+++ Given records +++

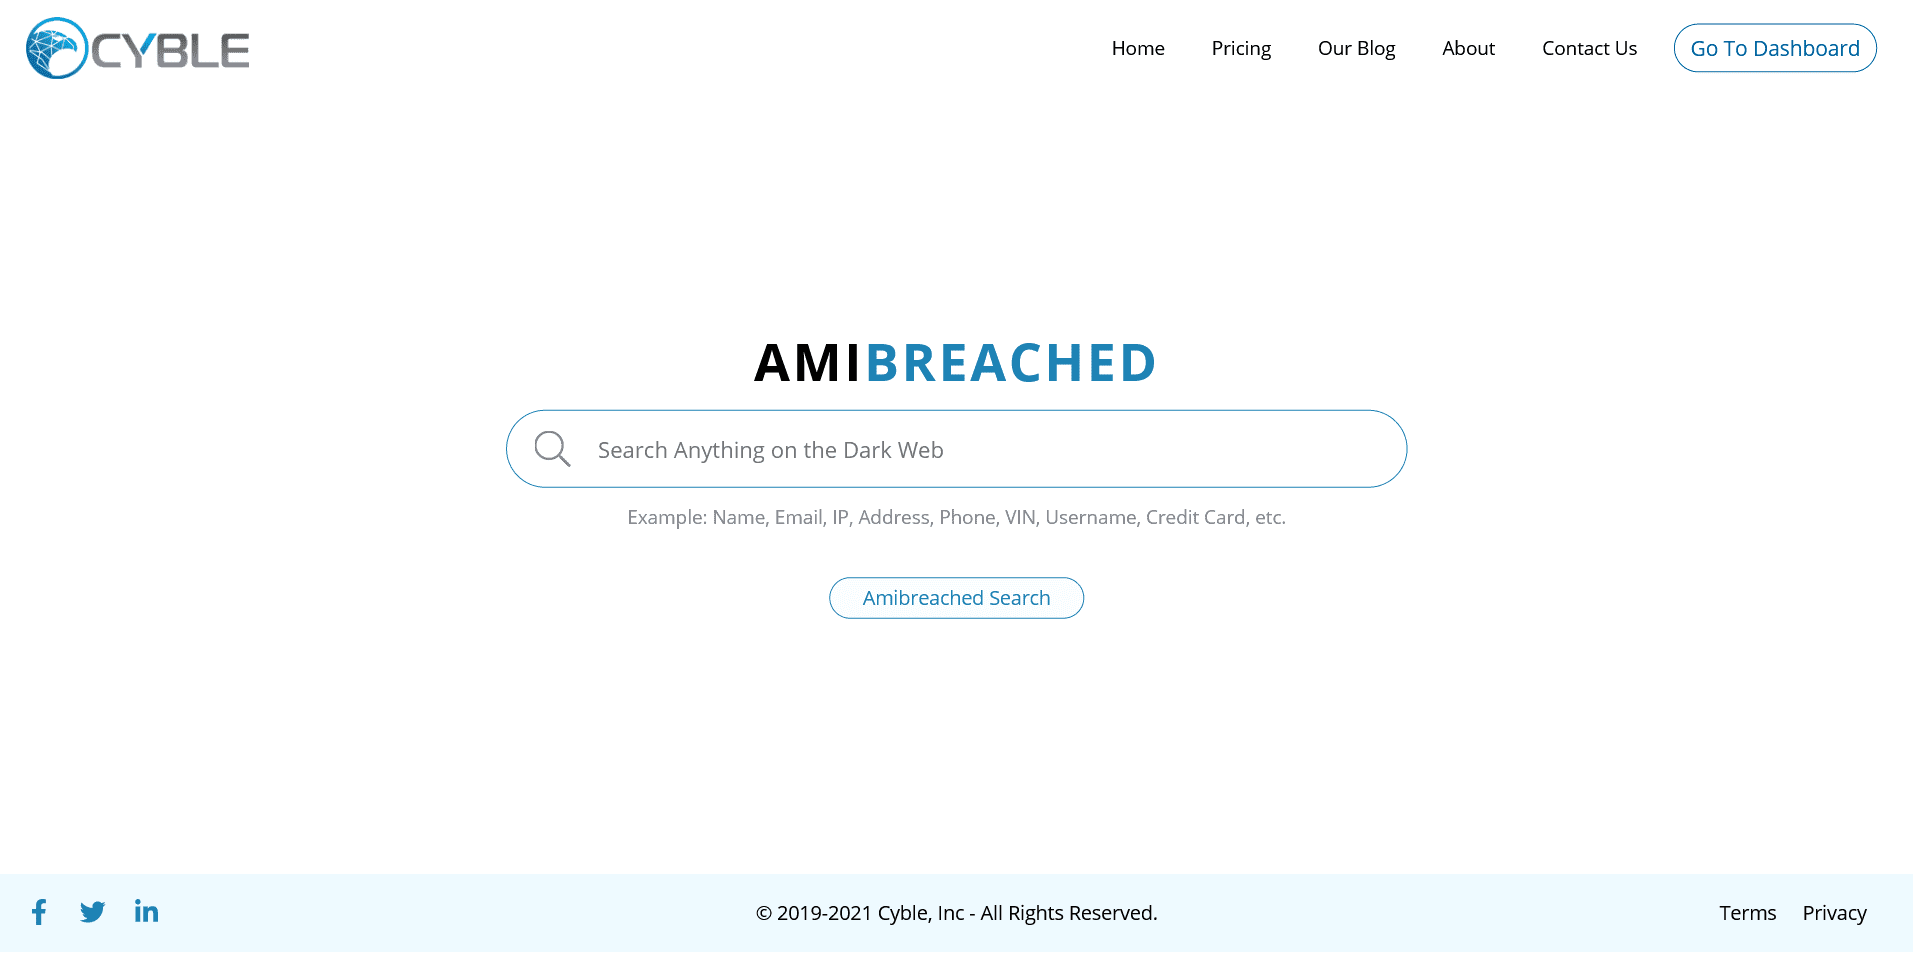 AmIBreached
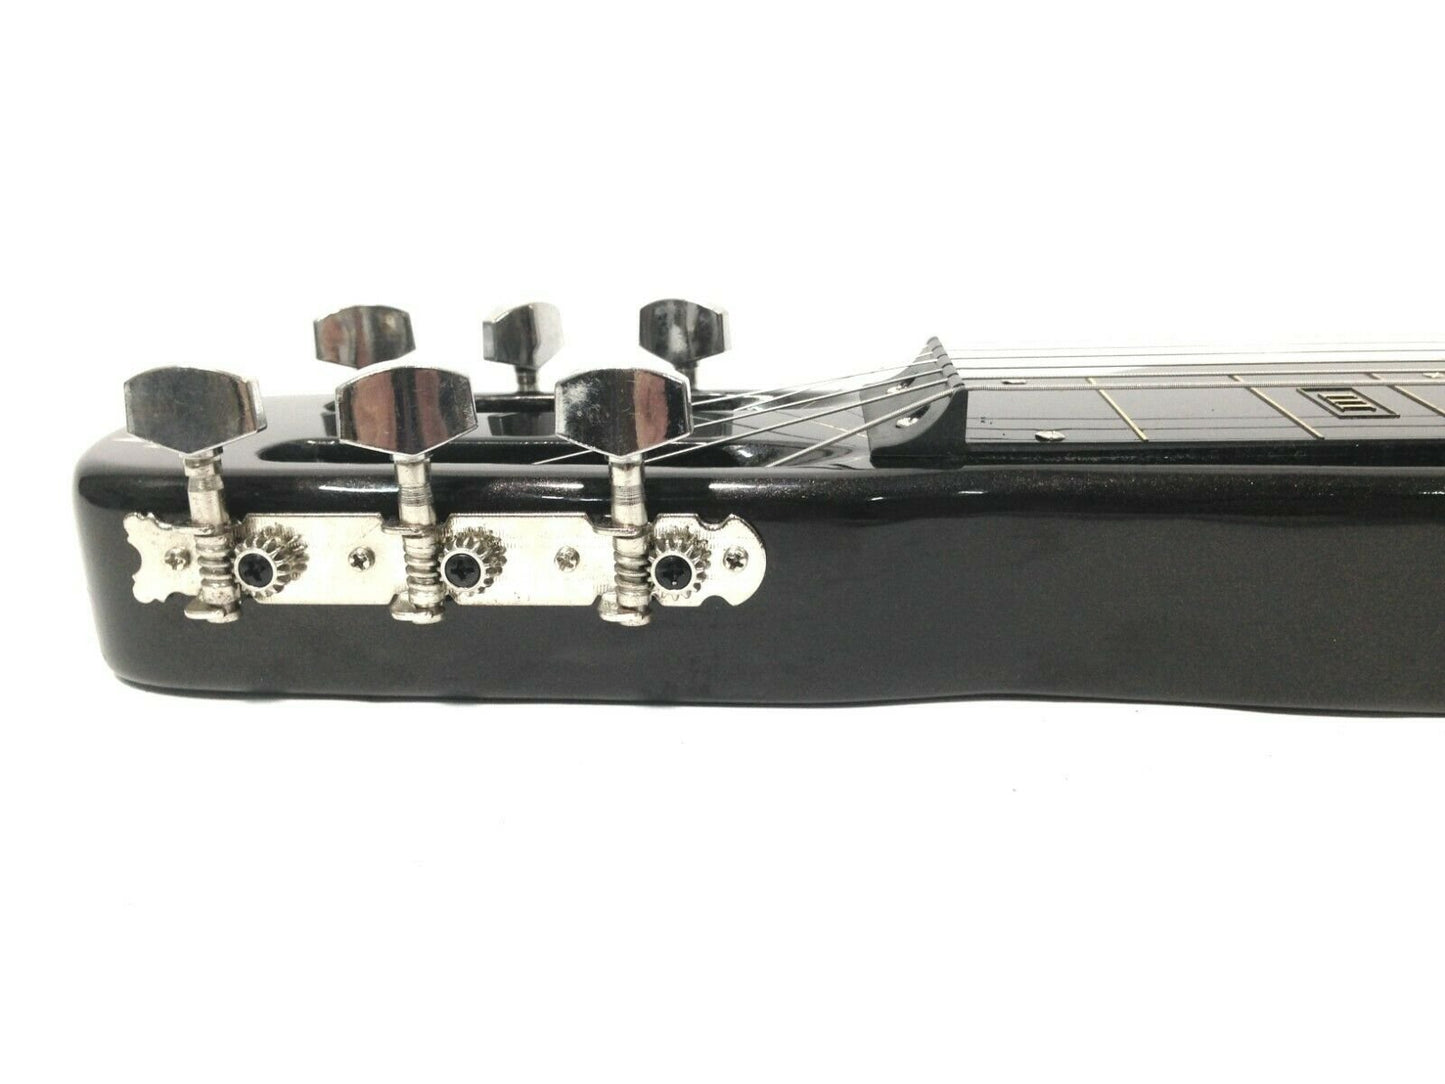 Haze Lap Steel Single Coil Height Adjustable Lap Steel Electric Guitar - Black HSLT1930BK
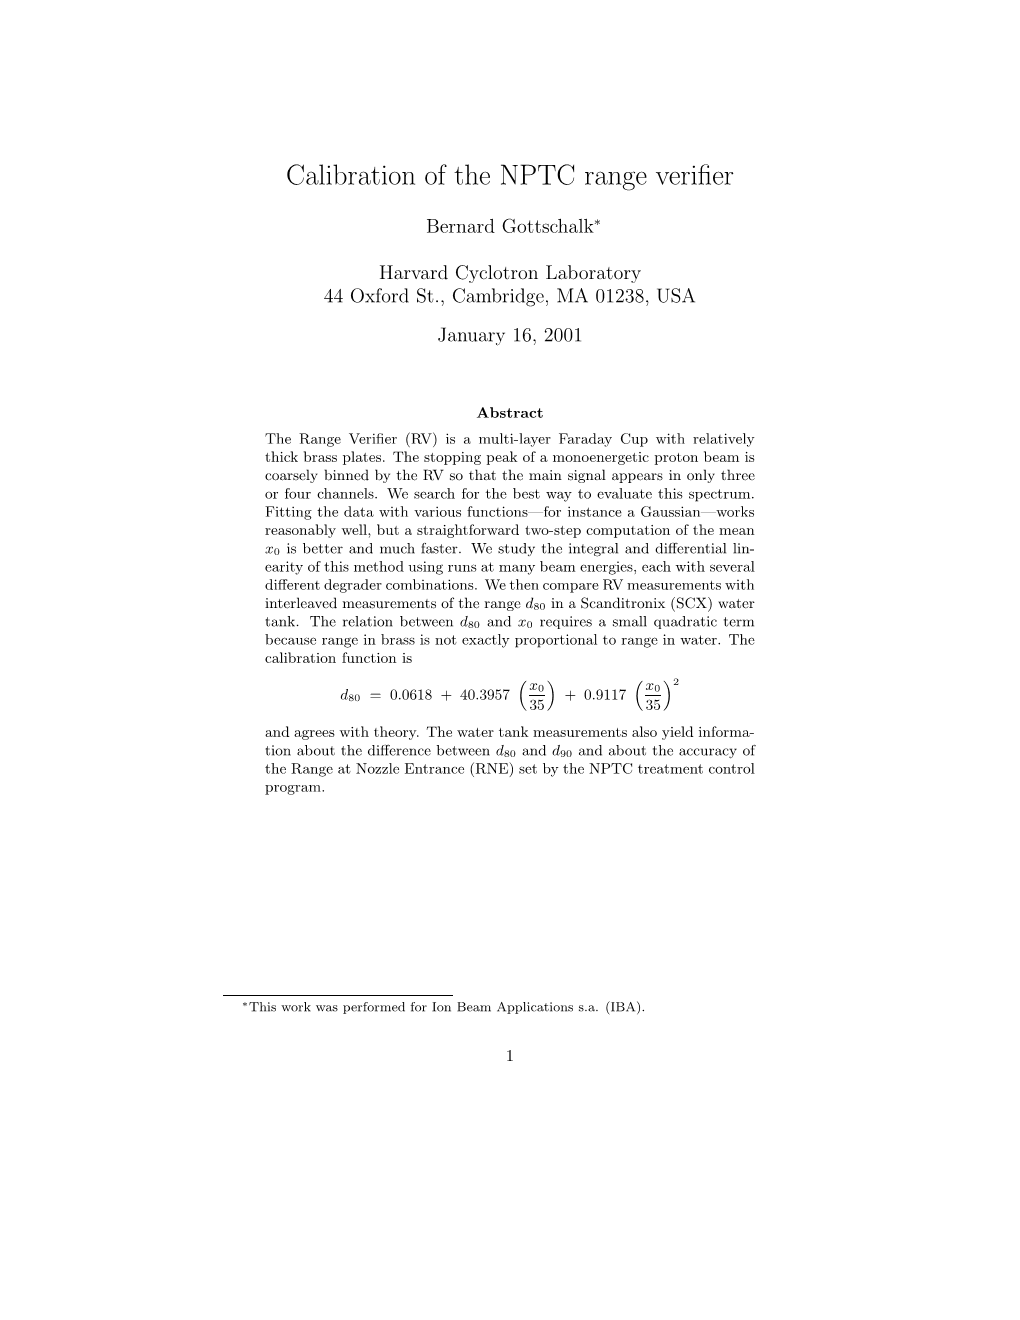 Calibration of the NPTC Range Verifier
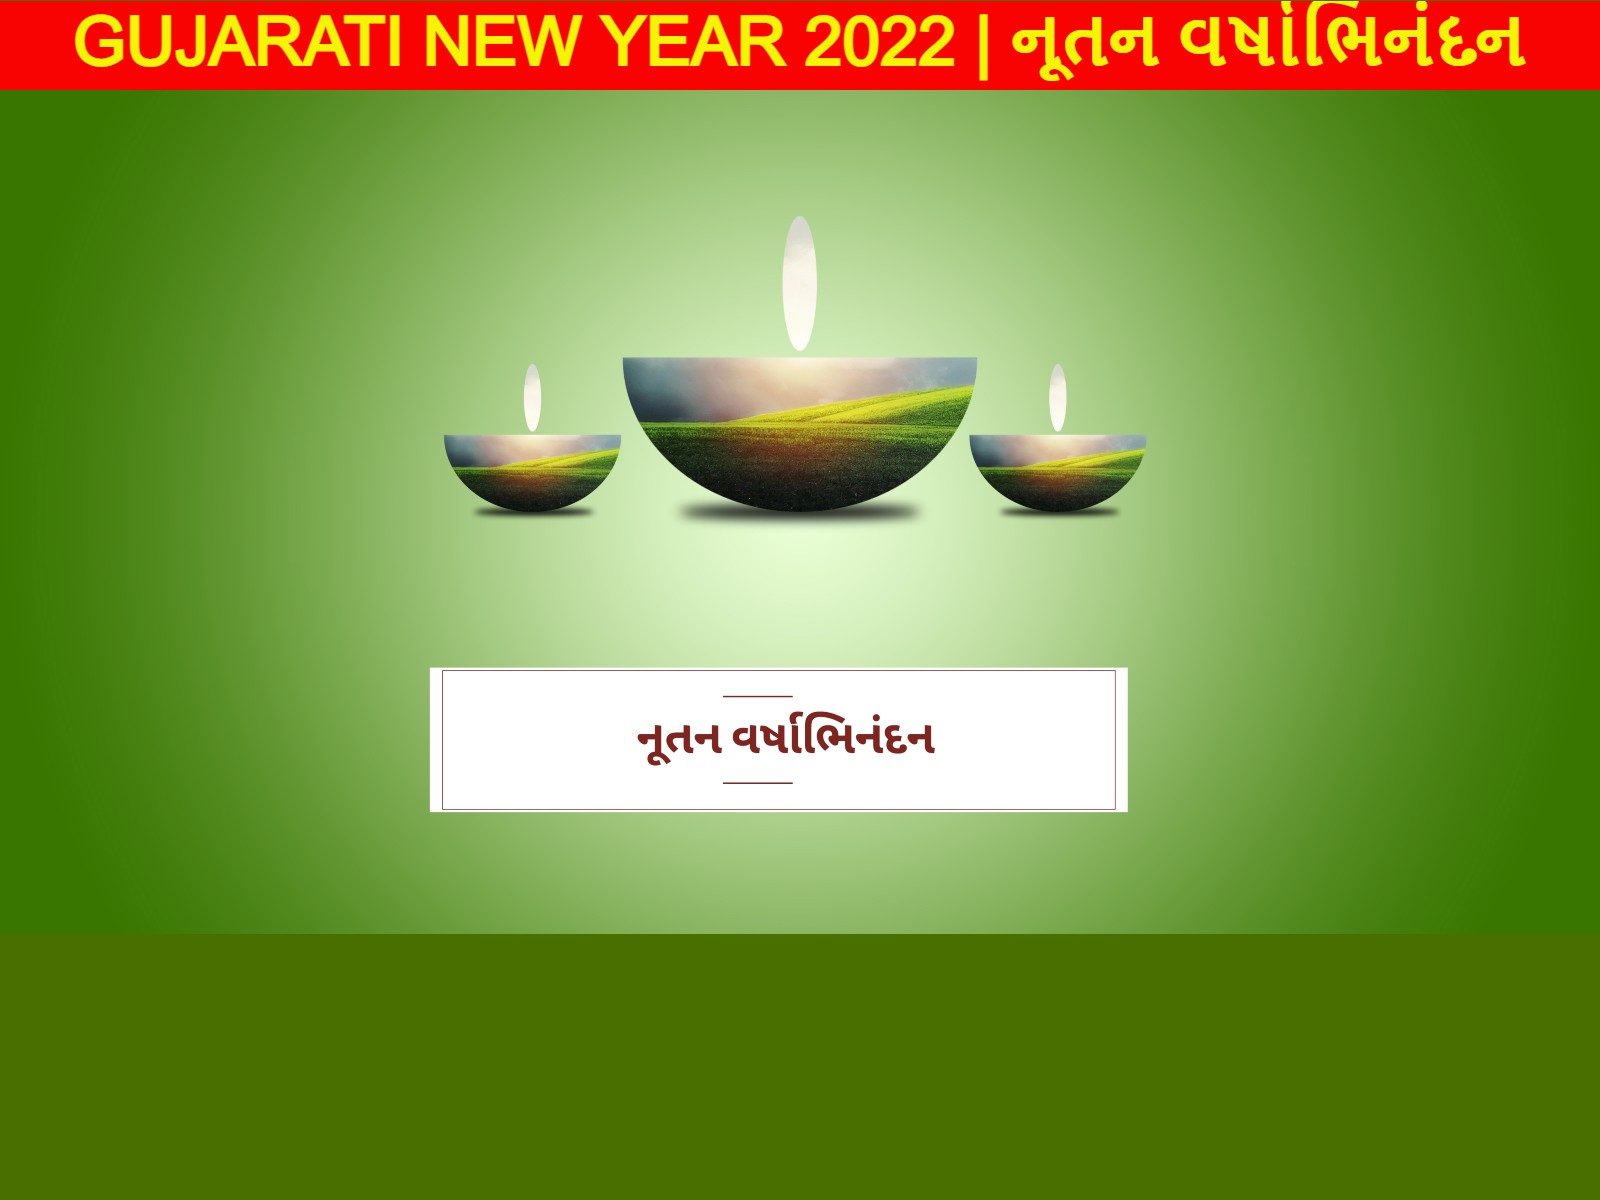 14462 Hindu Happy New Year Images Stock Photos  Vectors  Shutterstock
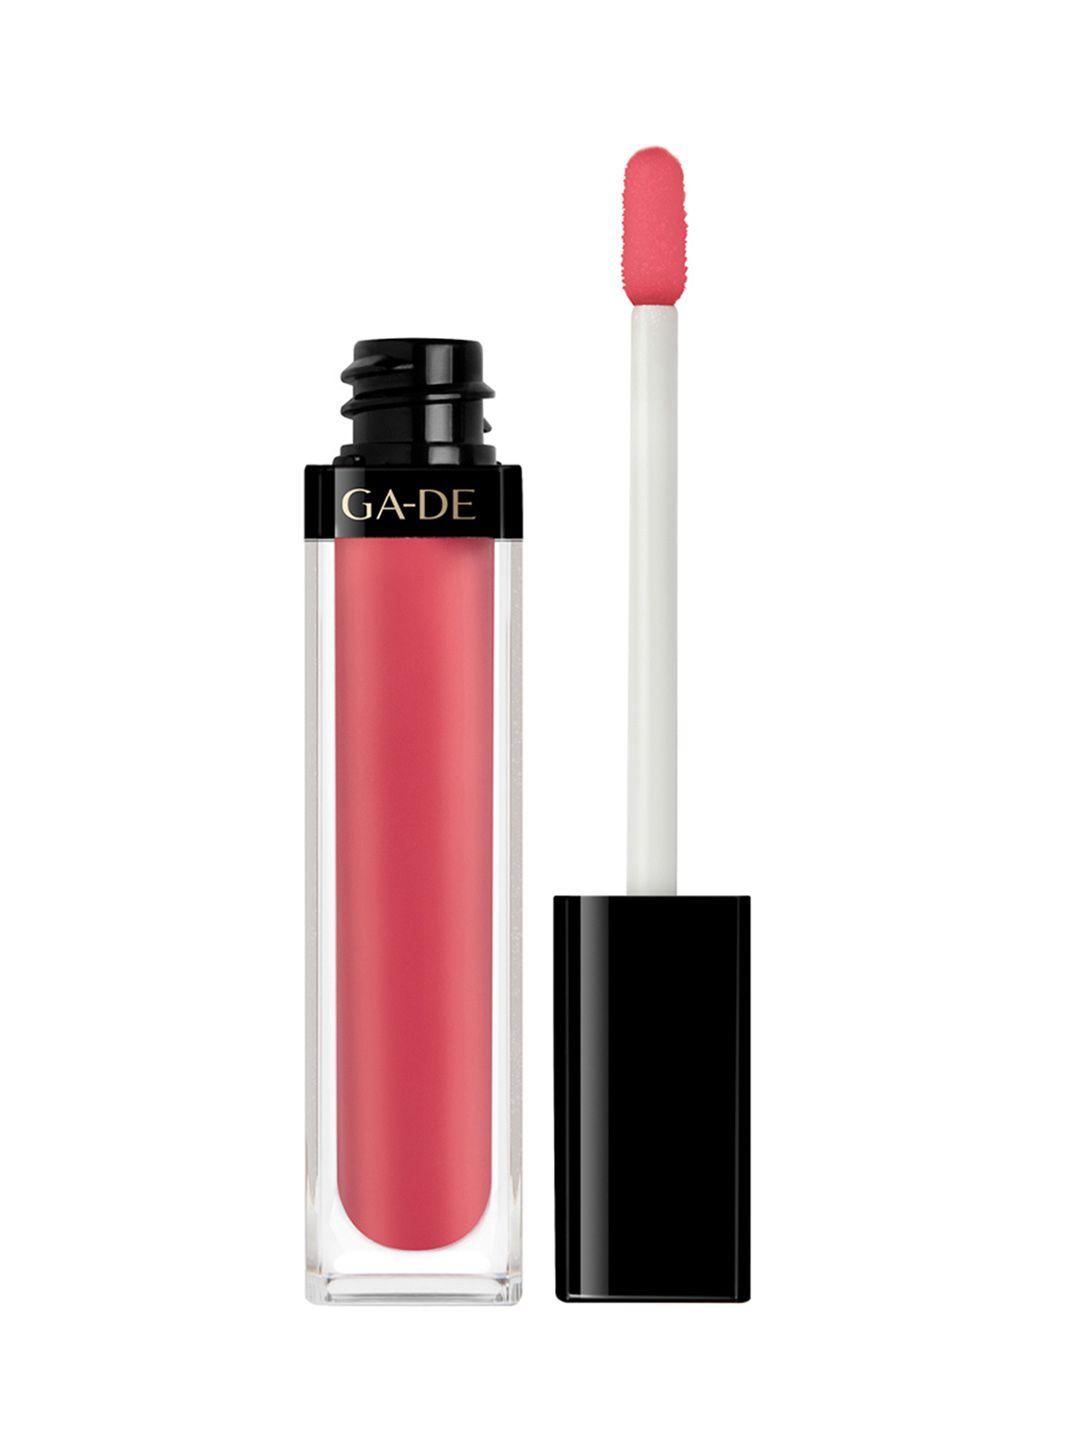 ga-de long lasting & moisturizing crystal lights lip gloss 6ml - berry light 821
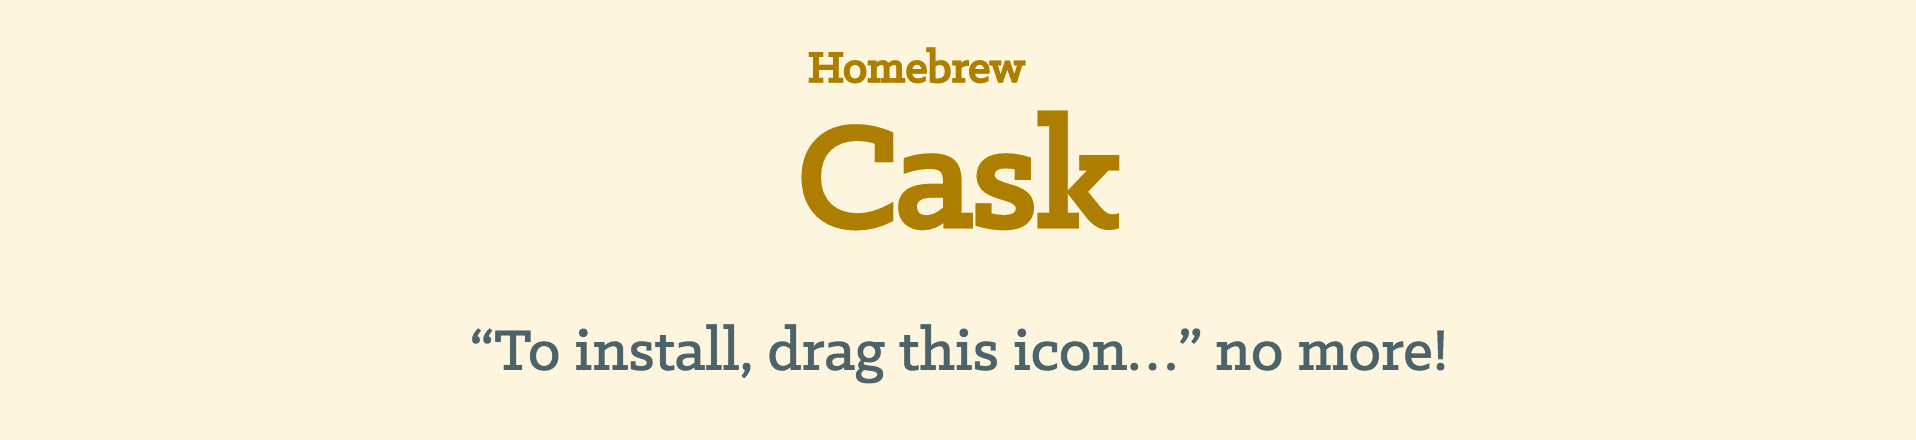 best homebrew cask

+++

▶ Work instructions
Retype, exactly and only, the lines from the one containing "Calibration of the NPTC Range Verifier" through the end of the entries, both ends included, and omit all pictures.

▶ Response below
 Calibration of the NPTC Range Verifier
 14462 Hindu Happy New Year Images Stock Photos  Vectors  Shutterstock
 ga-de long lasting & moisturizing crystal lights lip gloss 6ml - berry light 821
 best homebrew cask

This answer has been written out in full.